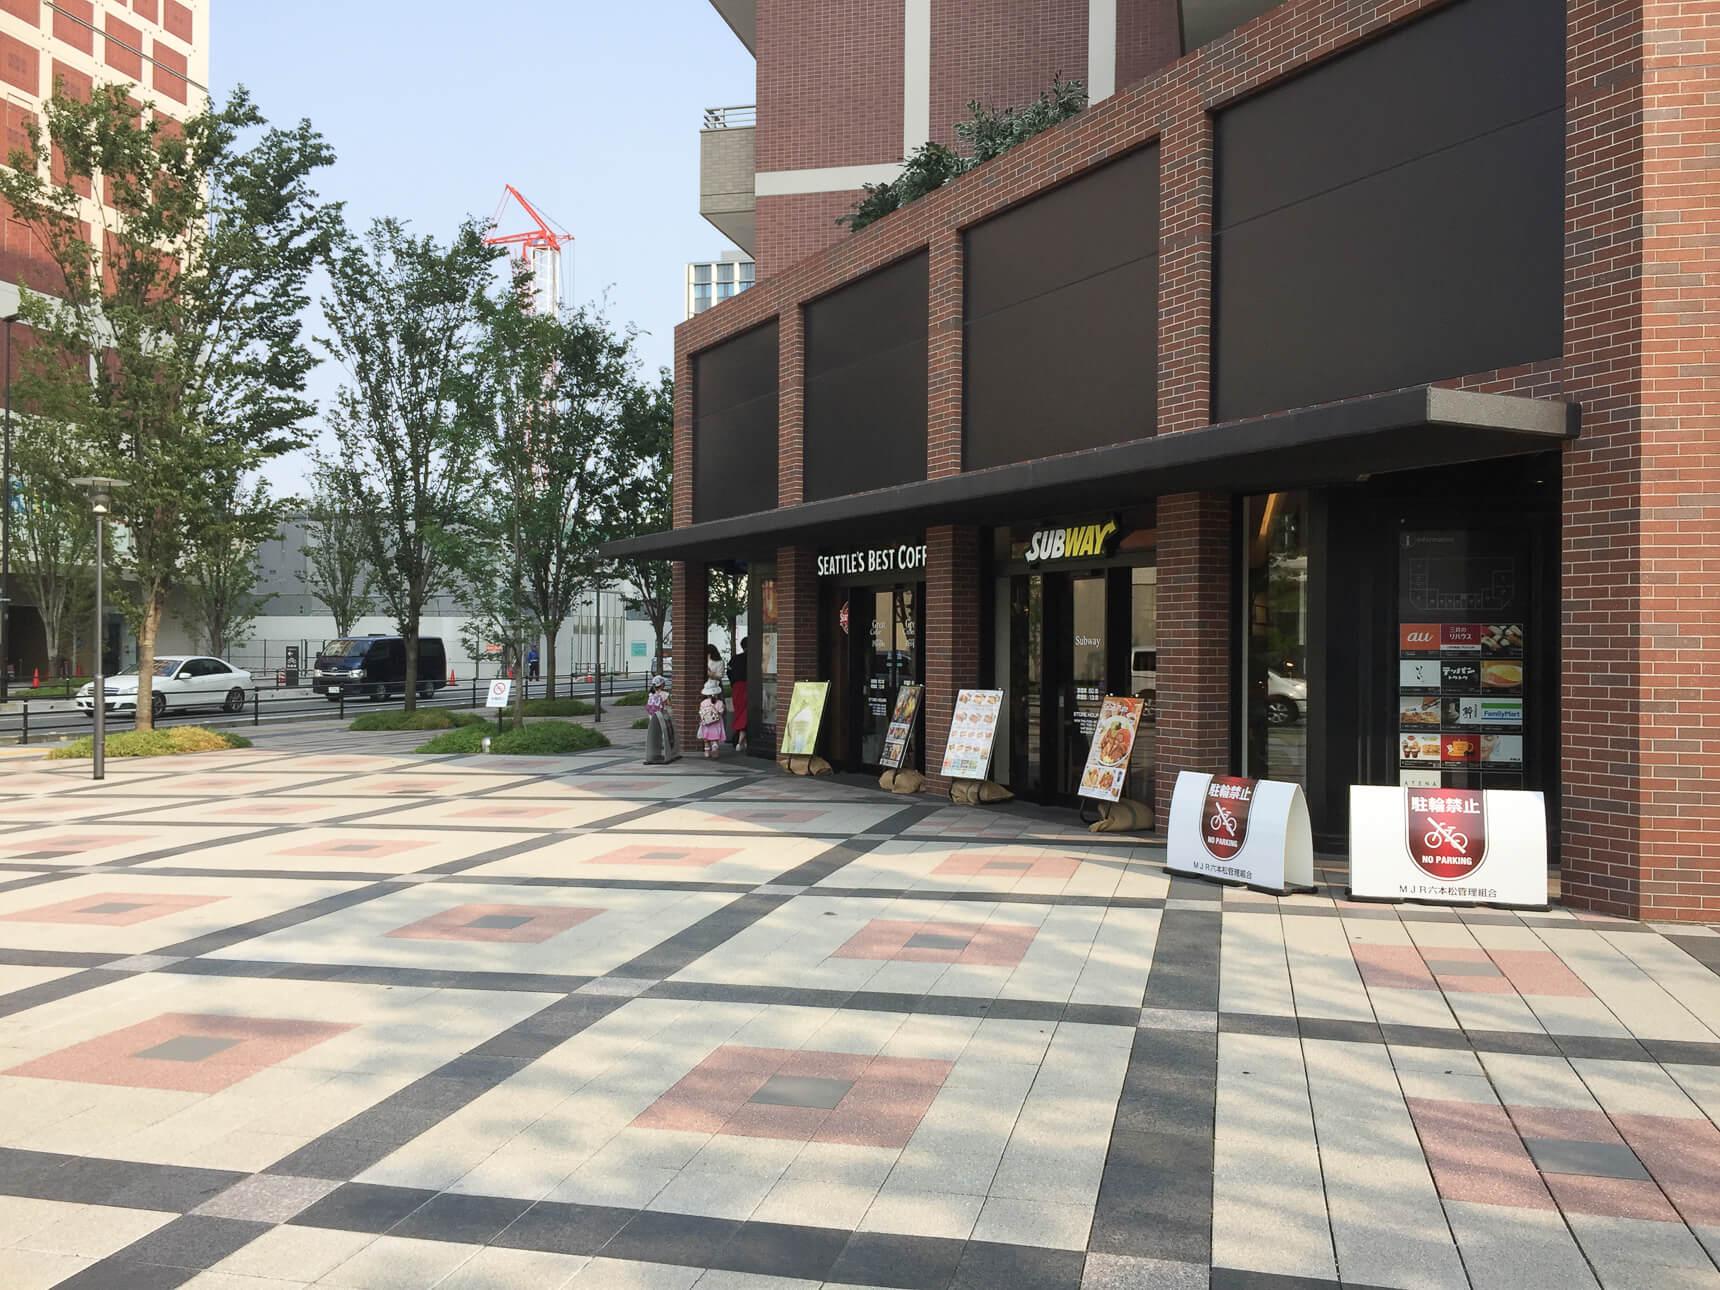 地下鉄から地上に上がるときれいに整備された街路が。新しいマンションや商業施設が開発真っ最中です。
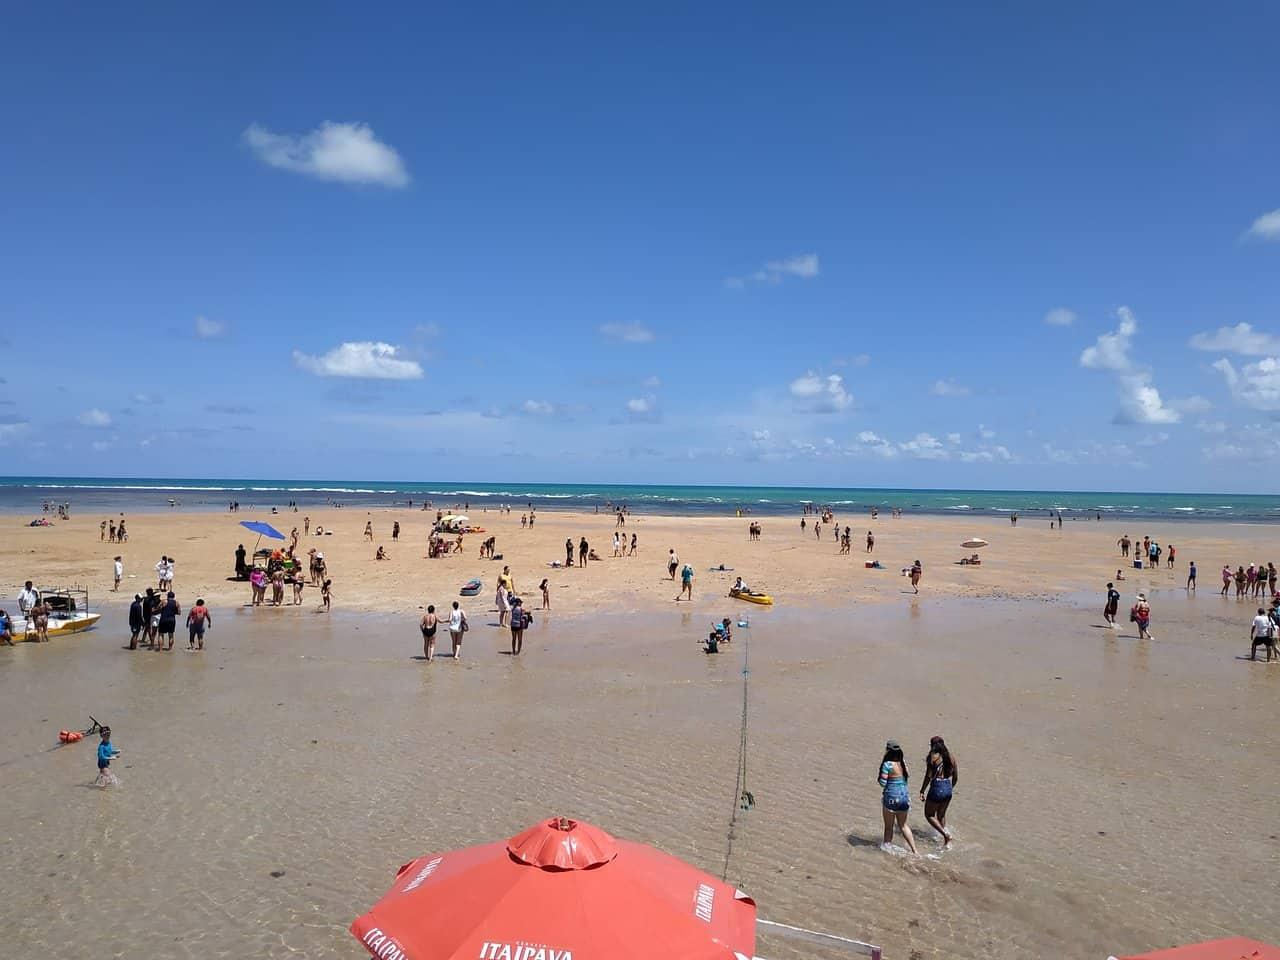 areia vermelha paraiba
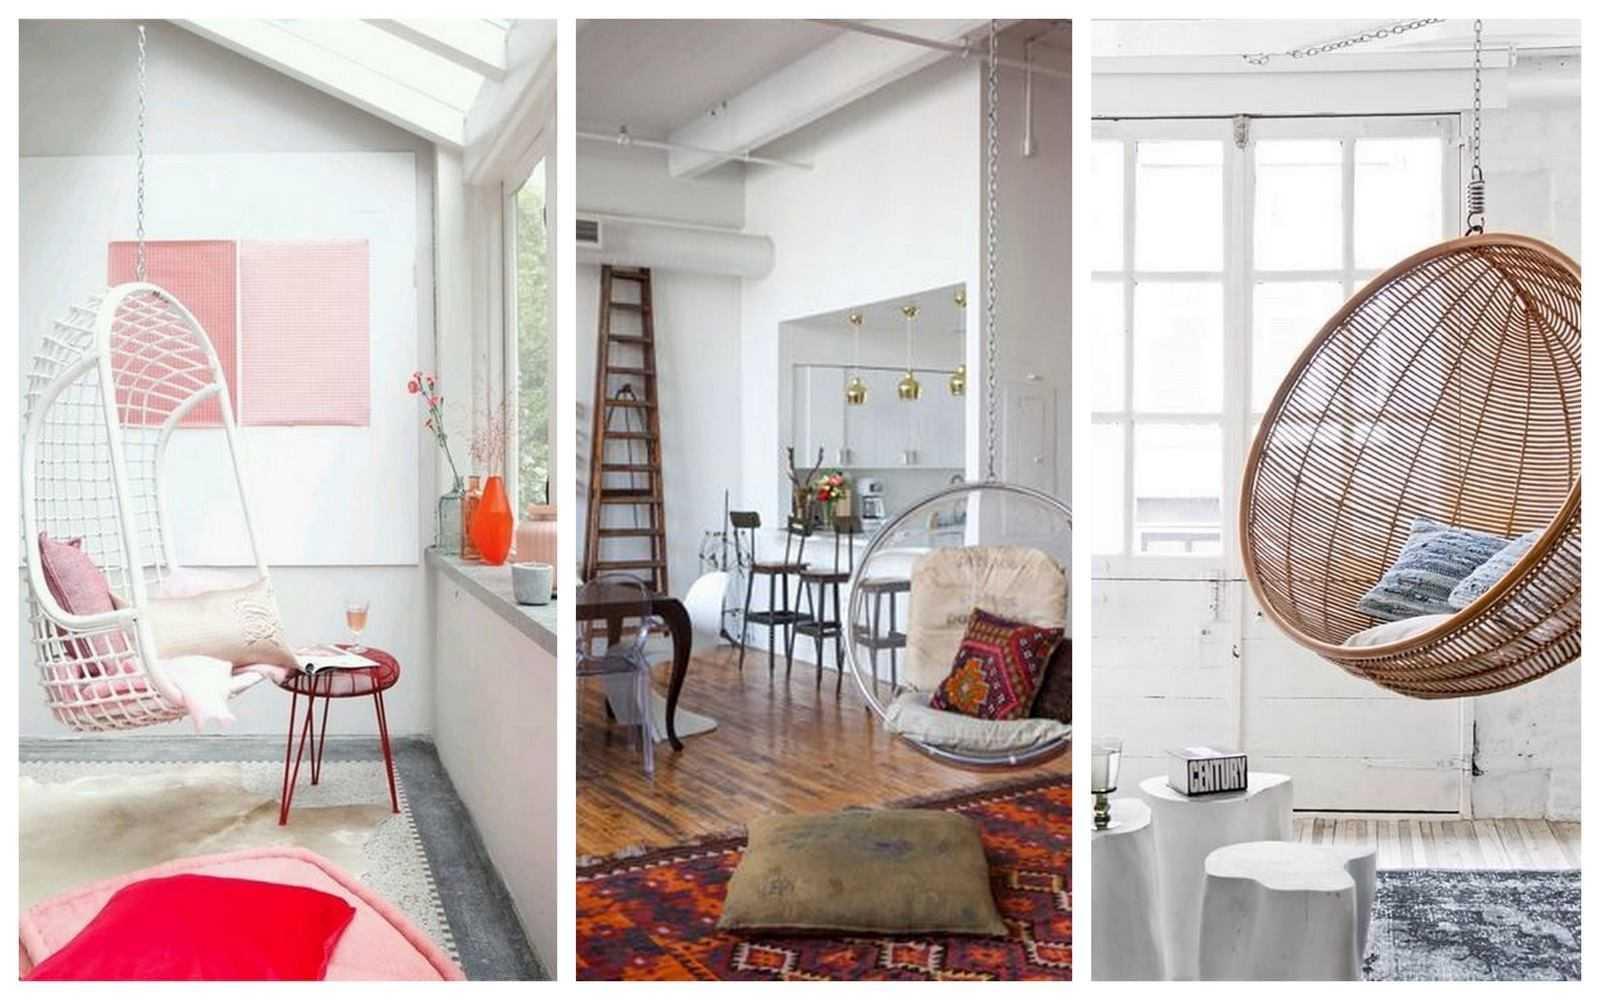 la maison du fauteuil top melville fauteuil pellini taupe with la maison du fauteuil fauteuil. Black Bedroom Furniture Sets. Home Design Ideas

■ ■ ■

Problem details:
Would you restate all of the data above word for word, omitting the pictures?

Task solution:
 地下鉄から地上に上がるときれいに整備された街路が。新しいマンションや商業施設が開発真っ最中です。
 areia vermelha paraiba
 la maison du fauteuil top melville fauteuil pellini taupe with la maison du fauteuil fauteuil. Black Bedroom Furniture Sets. Home Design Ideas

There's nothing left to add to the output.